Six hours later she made a sharp pleading moan. I had learned her moans very well by this point. This one was the pre-yawn signal. I knew what I had to do. I swiped my hand at her and struck her in the shoulder and hand, a stinging sensation tingled my palm. And though she shook her hand afterward she thanked me profusely. We both felt good, her for dodging the yawn and me for not having to strike her in the face or body. The hand I could do. And would do. Sometimes it took multiple strikes. She would let me know when the yawn passed when her hand stopped flapping. So I would strike and slap and pinch and punch until her hand stopped flapping.

At first I felt bad, striking her. I made a promise to myself not to strike girls when I was seven. And on some gut level it felt wrong to me. Now that I am 27 I have to amend that promise to myself. I promise not to strike a woman unless she asks me to and only if it will help her.

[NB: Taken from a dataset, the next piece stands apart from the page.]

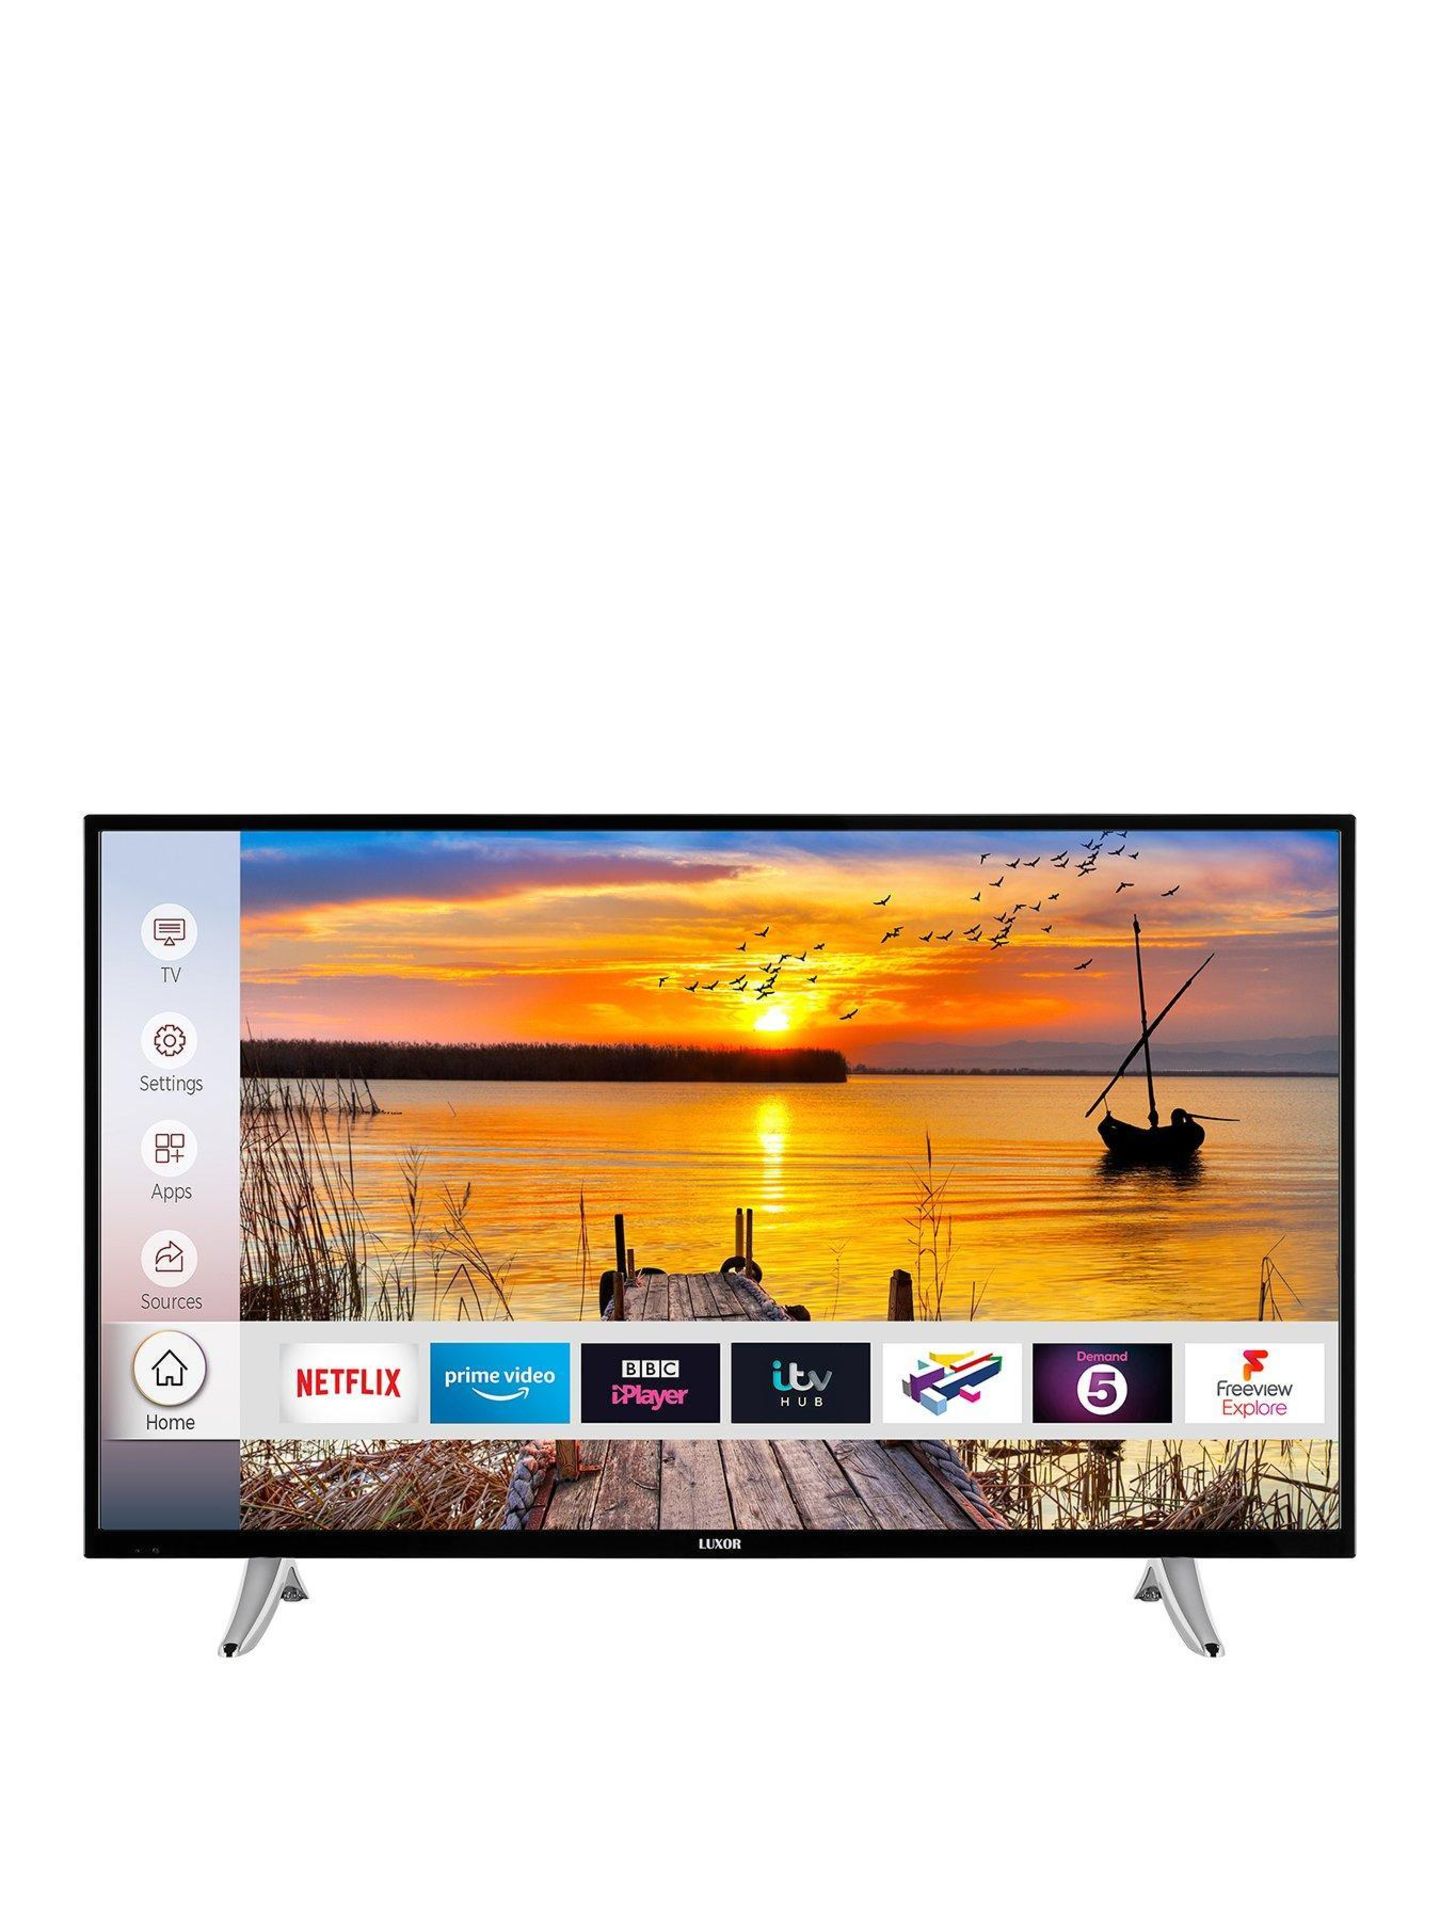 Luxor 43 inch 4k uhd , freeview play, smart tv [black] 63x98x28cm rrp: £472.0 - Image 2 of 2

After days of stealing her yawns, repressing my own and turning her away from the yawns of others it became second nature to smack her and steal her yawn. We went and saw the new X-Men movie, First Class (awesome movie, best x-men movie I think). As the credits rolled by and the lights came on I saw her hand flapping her hand toward me, the other on her throat. Instinctively I struck her all over until the yawn was gone. I hadn't given any thought to how this might look to others. What they might think, what they might do. I heard murmurs, whispers and hushed conversation and the guy behind me scowled. I prepared to duck a blow. and stood up quickly. What could I say? She made me do it? She told me to? It's her fault? I'm trying to steal her yawn? Nothing could be said, so I left with her quickly. Not that quickly, because she is still recovering form surgery, but quicklyish.

1 comment:

Little Lady said...

I love the relationship you and Loo seem to have. I can tell you really love and care for her, and you should! She's cute (among other things I'm sure)!